Kopsky calls the fraud concerns “a political dog whistle.” “We’ve explained that it’s actually not in the campaign’s interest to commit signature fraud, because our secretary of state’s office is pretty good at throwing bad signatures out. Most campaigns, including every one that we’ve ever been a part of, and all the other ones that I know of this last cycle, we all have crews verifying signatures as we go, because the last thing we want to do is actually turn in bad signatures.”
The canvasser’s job isn’t over yet. Next, they must read the “ballot title” to the signer or have the signer read it back to them. In Arkansas, the ballot title is a longer, sometimes complex explanation of what the initiative entails. Failure to follow this step is a misdemeanor offense.
“The estimated time to go through this process ranges from a couple of minutes up to 15 minutes,” says Kopsky. “All of these are nuisance amendments. Several of these issues potentially raise First Amendment issues, that is, infringements on the right to petition the government for the redress of grievances.”
Then there are the perilous shoals of paperwork. Canvassers now must file “true affidavits” specifying that they are in compliance with the state constitution “and laws related to fraud during petition signature gathering.” Signatures submitted without an affidavit will be tossed.
For the moment, voters have been spared new attempts to raise the threshold for ballot measure passage. Bills proposing to increase the threshold needed for passage to 66.7 percent, or passage by a majority of voters and counties, failed, as did a measure that would have allowed the legislature to amend constitutional amendments proposed by voters. But Arkansas legislators have a track record of coming back and passing ballot measure changes that voters have rejected. In 2020, voters defeated a constitutional amendment that would have increased the number of counties where signatures had to be collected; lawmakers turned around and passed a bill doing just that three years later.

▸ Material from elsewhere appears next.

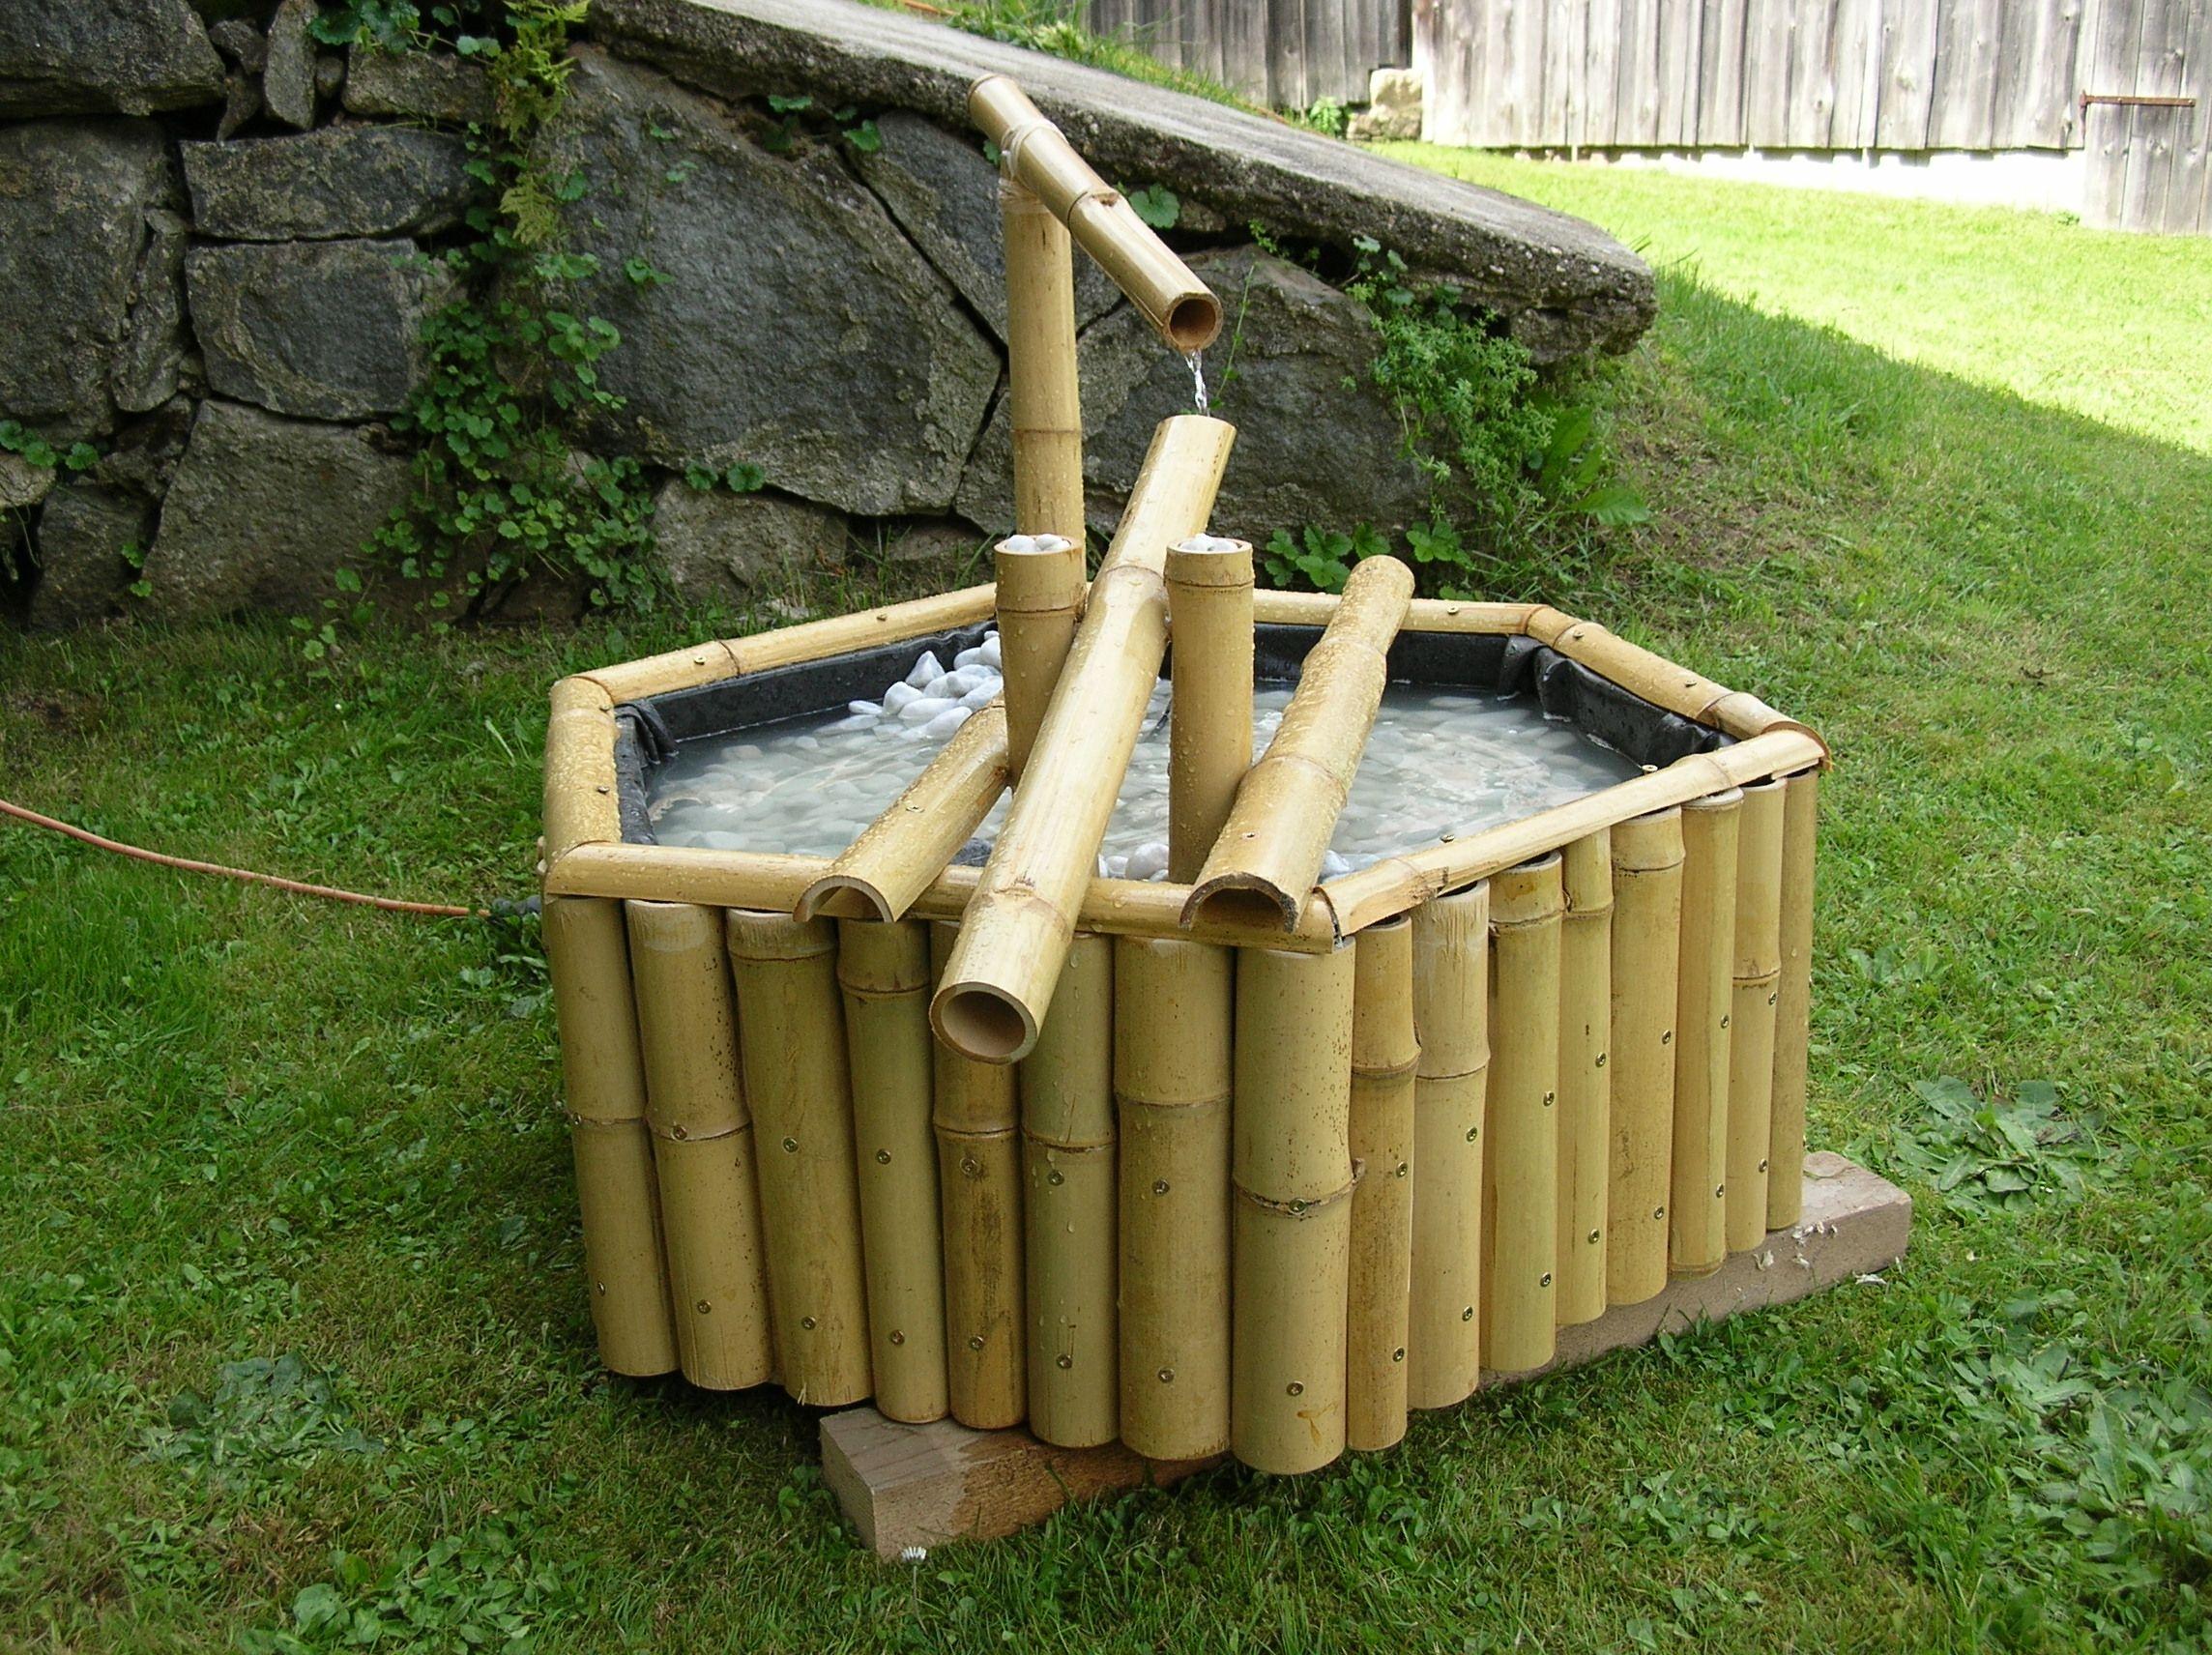 Brunnen Selber Bohren: Wasserbrunnen garten brunnen im gestalteten ...

Meanwhile, with an eye to 2026, the League of Women Voters has proposed a citizen initiative ballot measure that would reform the entire ballot measure process by clarifying the roles of the attorney general, secretary of state, state supreme court, and General Assembly. This week, Arkansas Attorney General Tim Griffin sent the measure back to the LWV a second time, noting that the organization, in resolving some concerns, had introduced new ones.
Arkansas voters increasingly view state lawmakers as indifferent to their concerns, echoes of what I learned about the initiative process in South Dakota. Arkansas lawmakers are more committed to staying in power and wielding it on behalf of their own social and economic agendas.
“Most issues around quality of life, frankly, are not terribly partisan,” says Kopsky. “In Arkansas, our minimum wage would still be $7.25, if it weren’t for direct democracy. We wouldn’t have any campaign finance laws [or] ethics laws. Medical marijuana would still be illegal. The things that we’ve passed through ballot measures have been really important to the state and are hugely popular. People care about their schools, and they don’t care about all this ideological baloney.”